Question

Dont use vector method

5. The uniform 200 kg bar AB is raised in the vertical plane by the application of a constant couple M 3 kNm applied to the link at C. The mass of the links is small and may be neglected. If the bar starts from rest at 0-0, determine the magnitude of the force supported by the pin at A as the position 0 600 is passed. 0.5 1.75 0.75

Answer 1

Let R and H are the vertical and horizontal reaction at support C.

Total weight of bar EABF= 200 kg

Weight of portion EA= 200/3 kg acting at a distance 0.25 m from A.

Weight of portion AB= 350/3 kg acting at a distance 0.875 m from B.

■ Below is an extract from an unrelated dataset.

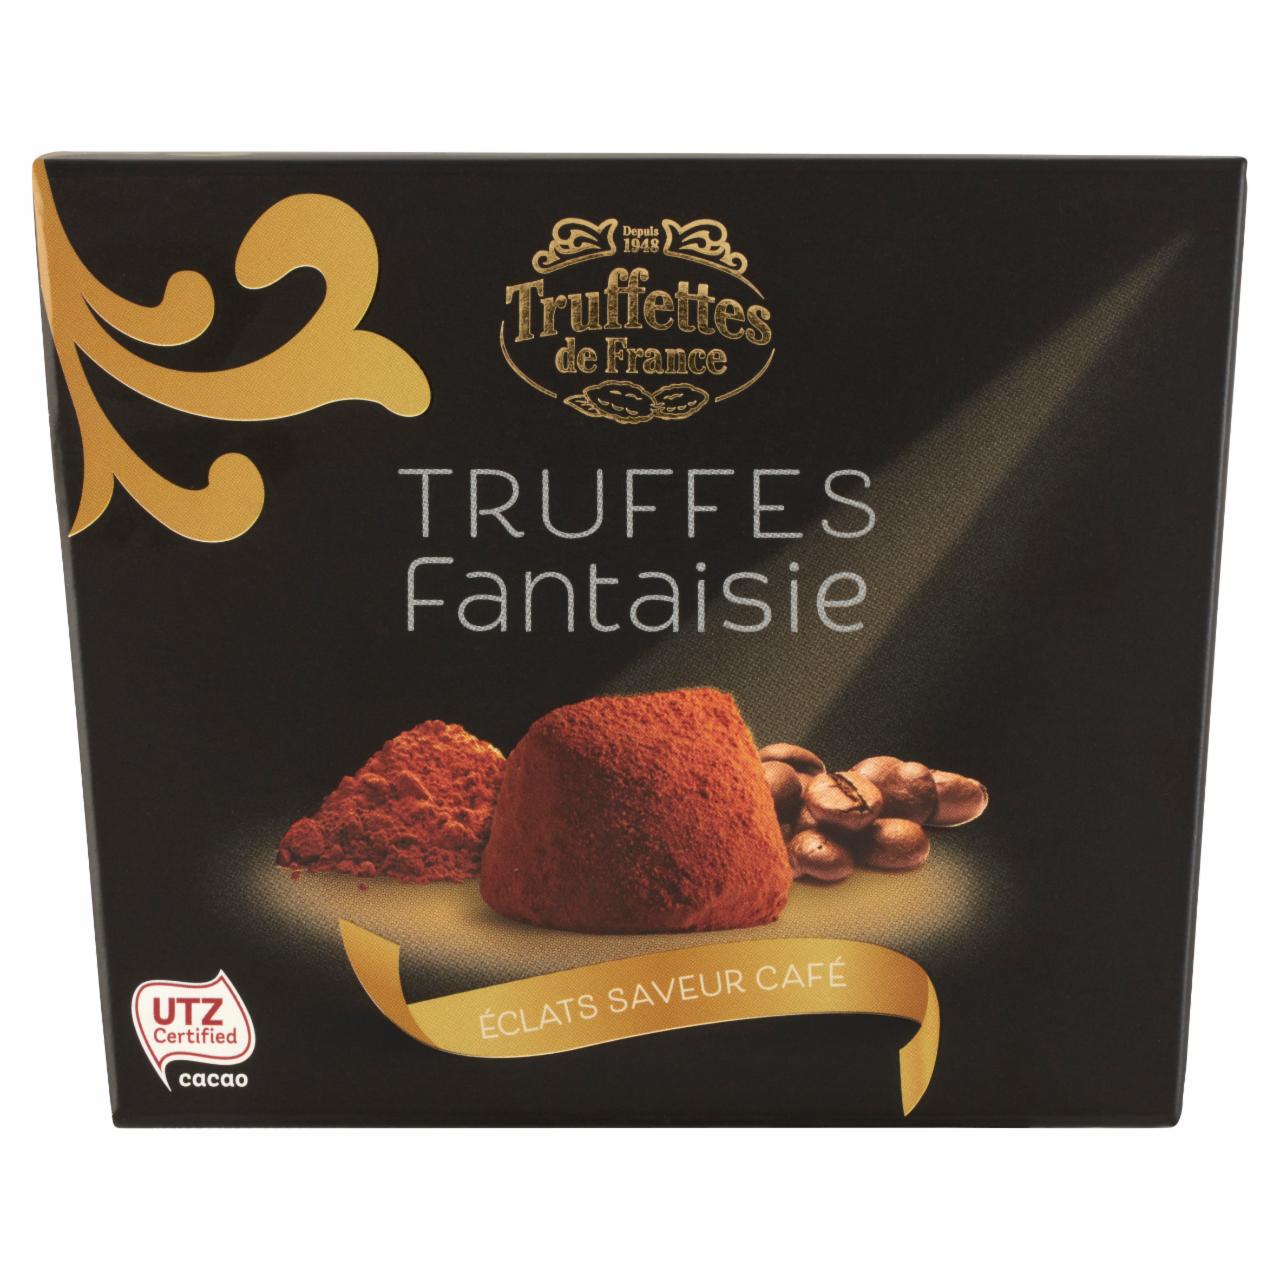 Képek - Truffettes de France kakaóporral borított trüffel kávé ízesítésű kakaóbab törettel 200 g

Weight of portion BF= 50 kg acting at a distance 0.375 m from B.

Applied moment M= 3kNm = 3*1000/9.81= 305.8kgm

Using clockwise moment conservation about D,

-100/3(0.5+1.5Cos60 +1.75) -350/3(0.875+ 1.5Cos60 ) -50(1.5Cos60 - 0.375) + 305.8 + R*1.75=0

By solving the equation we get R= 1.45 kg.

Now consider joint C and T is tension in bar AC,

Force equilibrium in vertical direction,

TSin60 + R= 0

T = -R/Sin60 = -1.45/Sin60 = -1.67 kg

Negative sign of T indicates that the force in member AC is compressive in nature.